Inside Llewyn Davis (2013)

Longevity is a rare thing in the motion picture business, but what makes the Coen Brothers 30 year career truly remarkable is the consistent quality of their work. Co-writing, editing, directing and producing nearly all of their films, the Coens have developed an instantly recognisable odd-ball aesthetic that seems as much at home in the labyrinthine plots of their crime films as it does in their comedies.

It’s perhaps to be expected that if you stick around as long as they have, people will begin to see recurring themes in your work. I’d argue that this is probably true of all creative artists, and that even the recognised masters of their craft are one trick ponies of a sort: consciously or unconsciously reworking the same themes, returning to the same places, people or periods throughout their careers. This is certainly true of the Coen’s work, whose films have (by and large) focussed on protagonists beset by self-inflicted tribulation usually brought about through their own naiveté or ignorance of the forces pitted against them. Think of H.I. and Ed, the childless couple from Raising Arizona who kidnap, loose and then try to recapture a new born baby, unaware that its millionaire father has set a maniacal bounty hunter on their trail. Or Tom Reagan, the protagonist of Miller’s Crossing who naively spares the life of a gangster he’s sent to kill and unwittingly sets himself up to be blackmailed by that very man. Consider too Norville Barnes from the Hudsucker Proxy, Barton Fink, Marge Gunderson from Fargo, The Dude from The Big Lebowski, Llewellyn Moss from No Country for Old Men – each in their own way repeats this pattern, leading themselves step by step towards greater danger; every plot twist by degrees more zany or thrilling depending on the genre.
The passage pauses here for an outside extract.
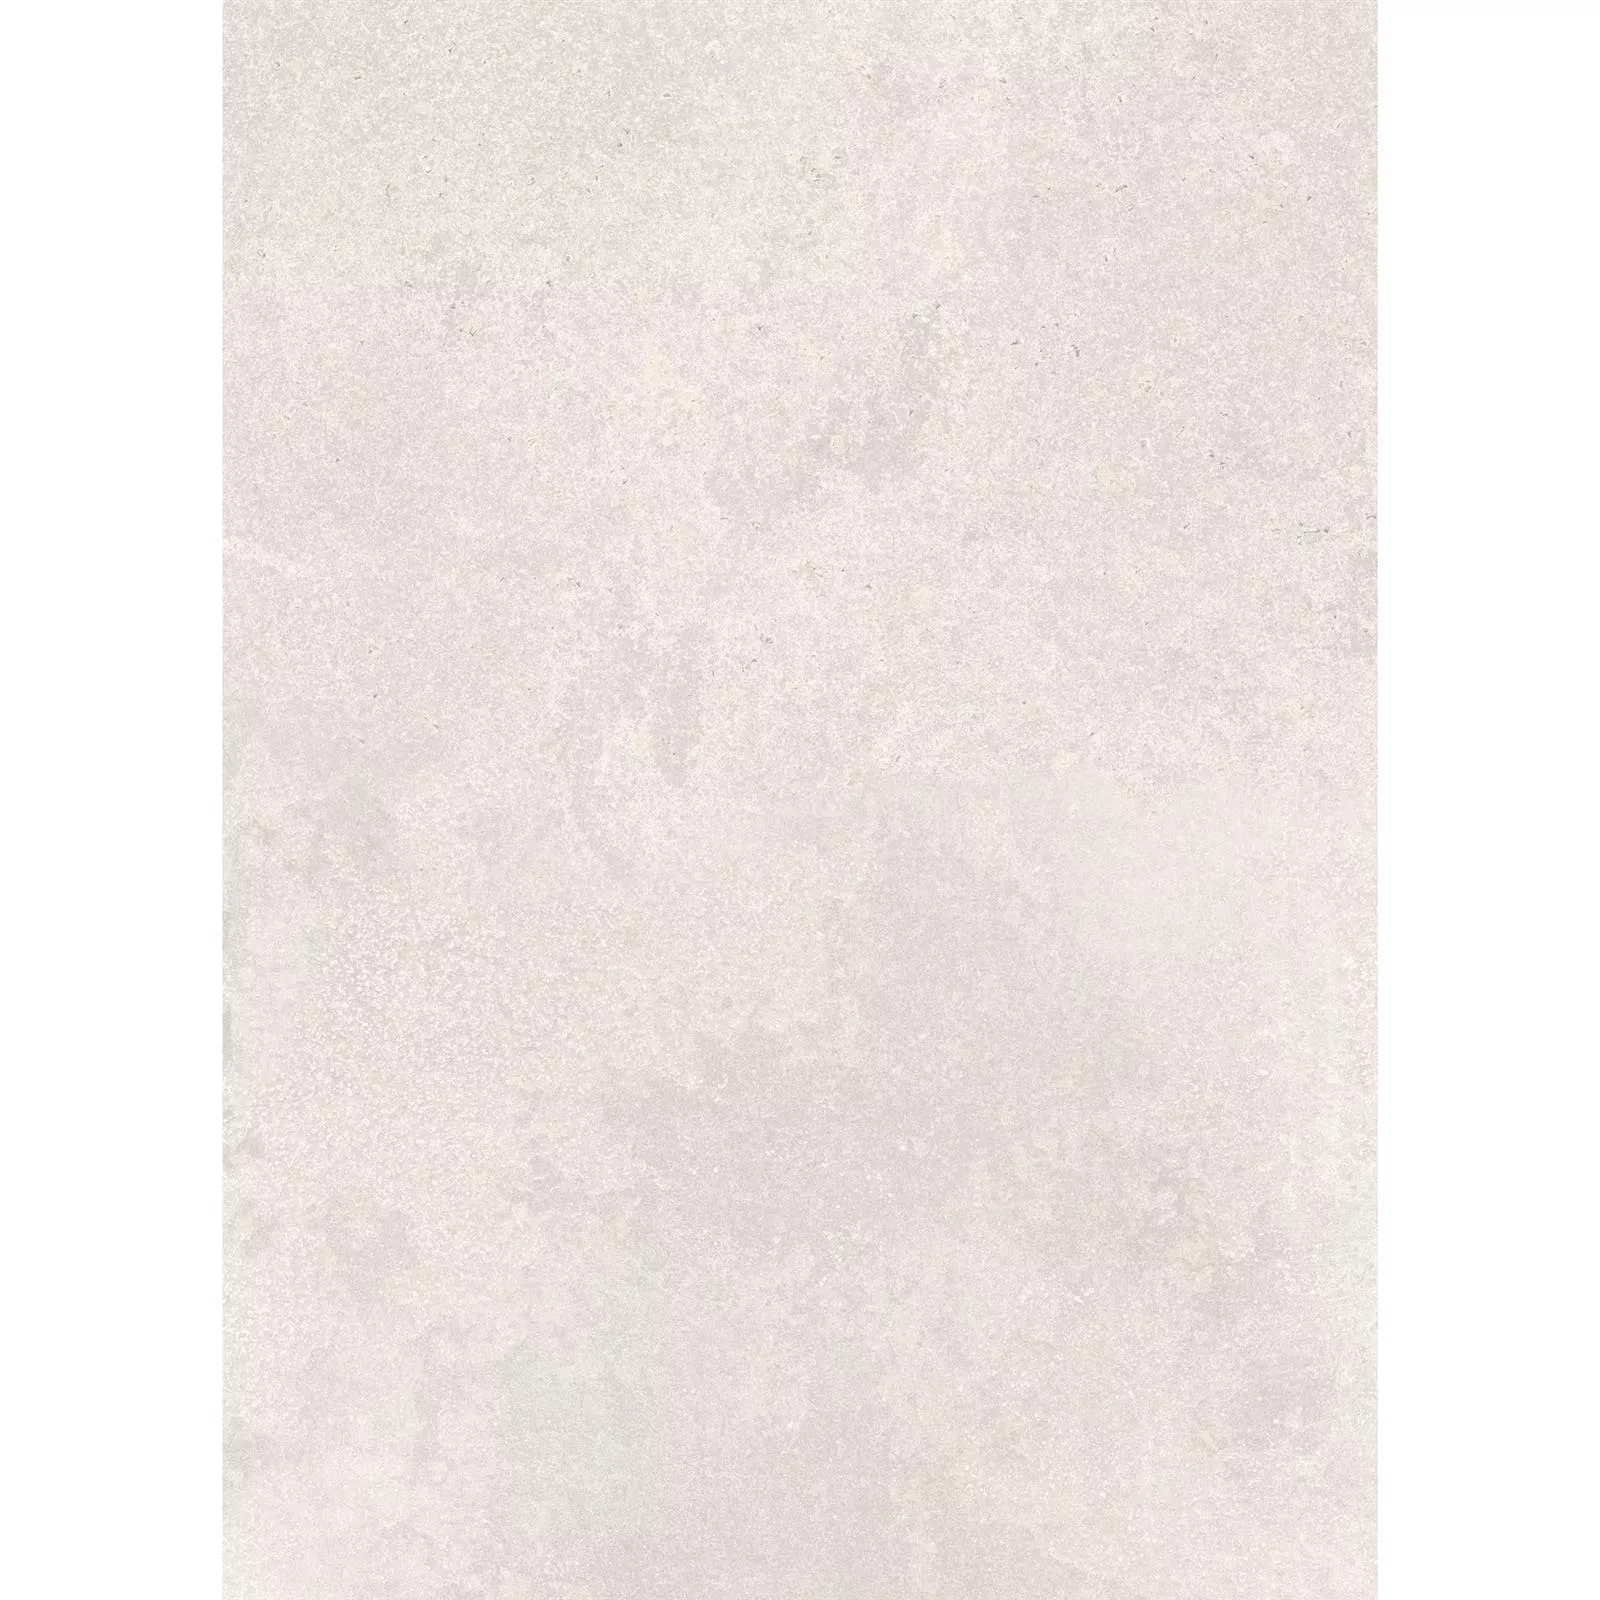 Πρότυπο Πλακάκια Δαπέδου Πέτρινη Όψη Horizon Μπεζ 60x120cm

It’s classic screenplay structure. But then the Coens’ catalogue is steeped in classic genre conventions: kidnappings, chases, femme fatales, double crossings. This affinity for the tropes of classic cinema is also evident in their choice of genre (screwball comedy, noir, western), the period setting for their films and the material they’ve remade (The Ladykillers, The Man Who Wasn’t There, True Grit). But the Coens have also drawn inspiration from literary sources over the years. In particular, Homer’s epic poem The Odyssey – about Odysseus’ 10 year journey back home to reclaim his place as King of Ithaca – stands outs as key to understanding the Coen’s most recent work, Inside Llewyn Davis.

Like Odysseus, Llewyn was once a sea-farer. The son of a merchant mariner, he’s left behind his father’s profession to pursue his love of music and finds some early success as one half of a duo on the burgeoning Greenwich Village folk music scene. Since his partner’s unexplained suicide, however, money has dried up and Llewyn has been adrift – lost as Homer was at sea – wandering from sofa to sofa through the snow covered streets of lower Manhattan. That wintry Village mileu – immortalised on the cover of The Freewheelin’ Bob Dylan – immediately suggests the sullen and broody stasis that threatens to overpower Llewyn if he isn’t able to regain his sense of direction. For the moment though, like Odysseus and Dylan’s Rolling Stone, there is no direction home. And it is here that his Odyssey begins.

One of the film’s triumphs is that it takes us inside Llewyn Davis by means of his songs. Unusually, we are shown Llewyn’s live performances in full. The Coen’s excel at creating the atmosphere of the times: ernest young men and women disillusioned by their parent’s conservatism and hypocrisy, gathering together in clubs like The Gaslight Cafe and Gate of Horn (both of which feature in the film) to reclaim a sense of meaning and purpose through traditional folk songs. In this liberal, egalitarian world, the folk singer fashions the crowd’s dreams; dreams that pass (as Penelope says in The Odyssey) ‘through the gate of polished horn’, bringing true fulfilment. But for Llewyn, whose talent is undeniable and uncompromising, his dreams of fame and success are more like the ones that pass through Penelope’s “gates of sawn ivory”: “shadowy dreams” that “deceive men, bringing words that find no fulfilment.” It would all be so terribly despairing, if it wasn’t so funny. For Llewyn’s crisis is never knowingly as existential as this. It’s the little things that get to him. That darn cat, Ulysses, for instance. The backing vocal to his duo’s hit song. His pregnant lover.

It’s a beautiful film – gorgeously lit, with strange little interludes and a terrific central performance by Oscar Isaac – that I’m sure will grow on me even more with subsequent viewings. I didn’t walk away from it immediately thinking it was a masterpiece – Barton Fink and Raising Arizona are better and still remain my favourites – but it stimulated a great post-film conversation about the compulsion to create, the ubiquity of failure and the terror of deferring your dreams. I can’t tell you how strongly this resonated with me. I highly recommend you see it.